EXERCISE AIM: Reproduce all the material verbatim, down to the last line.

_ _ _

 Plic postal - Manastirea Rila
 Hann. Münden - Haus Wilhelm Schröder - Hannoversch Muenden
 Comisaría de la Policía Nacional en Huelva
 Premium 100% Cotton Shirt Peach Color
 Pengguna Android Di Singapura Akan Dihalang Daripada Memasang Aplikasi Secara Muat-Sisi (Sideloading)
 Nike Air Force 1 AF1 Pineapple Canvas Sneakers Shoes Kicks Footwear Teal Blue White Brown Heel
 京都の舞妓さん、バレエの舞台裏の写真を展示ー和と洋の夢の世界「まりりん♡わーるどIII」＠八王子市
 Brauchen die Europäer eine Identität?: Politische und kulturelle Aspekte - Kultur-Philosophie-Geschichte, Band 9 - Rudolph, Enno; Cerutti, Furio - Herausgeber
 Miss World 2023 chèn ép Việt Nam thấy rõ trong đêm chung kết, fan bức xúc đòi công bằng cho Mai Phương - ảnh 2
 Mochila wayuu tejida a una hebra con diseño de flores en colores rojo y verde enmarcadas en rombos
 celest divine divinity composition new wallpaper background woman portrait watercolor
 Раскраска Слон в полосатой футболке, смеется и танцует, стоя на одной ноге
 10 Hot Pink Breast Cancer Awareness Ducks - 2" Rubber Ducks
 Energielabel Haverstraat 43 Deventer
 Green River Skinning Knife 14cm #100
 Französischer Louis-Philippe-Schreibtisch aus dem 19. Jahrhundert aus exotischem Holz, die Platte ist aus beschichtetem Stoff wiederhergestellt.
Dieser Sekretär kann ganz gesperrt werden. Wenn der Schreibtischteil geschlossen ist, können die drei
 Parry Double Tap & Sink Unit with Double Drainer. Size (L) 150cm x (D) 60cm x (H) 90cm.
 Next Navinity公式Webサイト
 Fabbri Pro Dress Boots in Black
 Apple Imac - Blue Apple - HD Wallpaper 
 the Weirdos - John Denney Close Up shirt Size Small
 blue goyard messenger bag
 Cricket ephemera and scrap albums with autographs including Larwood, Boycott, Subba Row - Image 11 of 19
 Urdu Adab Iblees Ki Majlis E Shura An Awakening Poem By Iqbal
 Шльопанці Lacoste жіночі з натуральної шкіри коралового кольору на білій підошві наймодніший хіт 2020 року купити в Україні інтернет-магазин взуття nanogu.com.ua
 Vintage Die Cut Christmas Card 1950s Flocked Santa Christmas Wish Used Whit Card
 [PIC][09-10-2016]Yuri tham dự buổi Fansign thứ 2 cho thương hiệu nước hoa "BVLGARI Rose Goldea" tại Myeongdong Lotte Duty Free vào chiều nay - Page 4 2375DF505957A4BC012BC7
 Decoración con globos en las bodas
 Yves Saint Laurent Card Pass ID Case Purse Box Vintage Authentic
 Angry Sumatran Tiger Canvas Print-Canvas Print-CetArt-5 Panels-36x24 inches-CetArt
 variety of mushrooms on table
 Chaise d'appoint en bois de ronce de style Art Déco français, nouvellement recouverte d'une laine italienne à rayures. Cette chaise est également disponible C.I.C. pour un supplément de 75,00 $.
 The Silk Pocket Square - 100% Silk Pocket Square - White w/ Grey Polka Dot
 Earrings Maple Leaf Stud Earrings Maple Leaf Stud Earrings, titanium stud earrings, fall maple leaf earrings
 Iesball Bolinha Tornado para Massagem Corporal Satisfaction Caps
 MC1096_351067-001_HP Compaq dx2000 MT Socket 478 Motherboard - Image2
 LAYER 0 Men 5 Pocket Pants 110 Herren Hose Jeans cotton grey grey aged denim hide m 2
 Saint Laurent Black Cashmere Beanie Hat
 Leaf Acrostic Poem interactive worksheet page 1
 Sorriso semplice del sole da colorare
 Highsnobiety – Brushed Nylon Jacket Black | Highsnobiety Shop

_ _ _

SOLUTION TO THIS EXERCISE:
 Plic postal - Manastirea Rila
 Hann. Münden - Haus Wilhelm Schröder - Hannoversch Muenden
 Comisaría de la Policía Nacional en Huelva
 Premium 100% Cotton Shirt Peach Color
 Pengguna Android Di Singapura Akan Dihalang Daripada Memasang Aplikasi Secara Muat-Sisi (Sideloading)
 Nike Air Force 1 AF1 Pineapple Canvas Sneakers Shoes Kicks Footwear Teal Blue White Brown Heel
 京都の舞妓さん、バレエの舞台裏の写真を展示ー和と洋の夢の世界「まりりん♡わーるどIII」＠八王子市
 Brauchen die Europäer eine Identität?: Politische und kulturelle Aspekte - Kultur-Philosophie-Geschichte, Band 9 - Rudolph, Enno; Cerutti, Furio - Herausgeber
 Miss World 2023 chèn ép Việt Nam thấy rõ trong đêm chung kết, fan bức xúc đòi công bằng cho Mai Phương - ảnh 2
 Mochila wayuu tejida a una hebra con diseño de flores en colores rojo y verde enmarcadas en rombos
 celest divine divinity composition new wallpaper background woman portrait watercolor
 Раскраска Слон в полосатой футболке, смеется и танцует, стоя на одной ноге
 10 Hot Pink Breast Cancer Awareness Ducks - 2" Rubber Ducks
 Energielabel Haverstraat 43 Deventer
 Green River Skinning Knife 14cm #100
 Französischer Louis-Philippe-Schreibtisch aus dem 19. Jahrhundert aus exotischem Holz, die Platte ist aus beschichtetem Stoff wiederhergestellt.
Dieser Sekretär kann ganz gesperrt werden. Wenn der Schreibtischteil geschlossen ist, können die drei
 Parry Double Tap & Sink Unit with Double Drainer. Size (L) 150cm x (D) 60cm x (H) 90cm.
 Next Navinity公式Webサイト
 Fabbri Pro Dress Boots in Black
 Apple Imac - Blue Apple - HD Wallpaper 
 the Weirdos - John Denney Close Up shirt Size Small
 blue goyard messenger bag
 Cricket ephemera and scrap albums with autographs including Larwood, Boycott, Subba Row - Image 11 of 19
 Urdu Adab Iblees Ki Majlis E Shura An Awakening Poem By Iqbal
 Шльопанці Lacoste жіночі з натуральної шкіри коралового кольору на білій підошві наймодніший хіт 2020 року купити в Україні інтернет-магазин взуття nanogu.com.ua
 Vintage Die Cut Christmas Card 1950s Flocked Santa Christmas Wish Used Whit Card
 [PIC][09-10-2016]Yuri tham dự buổi Fansign thứ 2 cho thương hiệu nước hoa "BVLGARI Rose Goldea" tại Myeongdong Lotte Duty Free vào chiều nay - Page 4 2375DF505957A4BC012BC7
 Decoración con globos en las bodas
 Yves Saint Laurent Card Pass ID Case Purse Box Vintage Authentic
 Angry Sumatran Tiger Canvas Print-Canvas Print-CetArt-5 Panels-36x24 inches-CetArt
 variety of mushrooms on table
 Chaise d'appoint en bois de ronce de style Art Déco français, nouvellement recouverte d'une laine italienne à rayures. Cette chaise est également disponible C.I.C. pour un supplément de 75,00 $.
 The Silk Pocket Square - 100% Silk Pocket Square - White w/ Grey Polka Dot
 Earrings Maple Leaf Stud Earrings Maple Leaf Stud Earrings, titanium stud earrings, fall maple leaf earrings
 Iesball Bolinha Tornado para Massagem Corporal Satisfaction Caps
 MC1096_351067-001_HP Compaq dx2000 MT Socket 478 Motherboard - Image2
 LAYER 0 Men 5 Pocket Pants 110 Herren Hose Jeans cotton grey grey aged denim hide m 2
 Saint Laurent Black Cashmere Beanie Hat
 Leaf Acrostic Poem interactive worksheet page 1
 Sorriso semplice del sole da colorare
 Highsnobiety – Brushed Nylon Jacket Black | Highsnobiety Shop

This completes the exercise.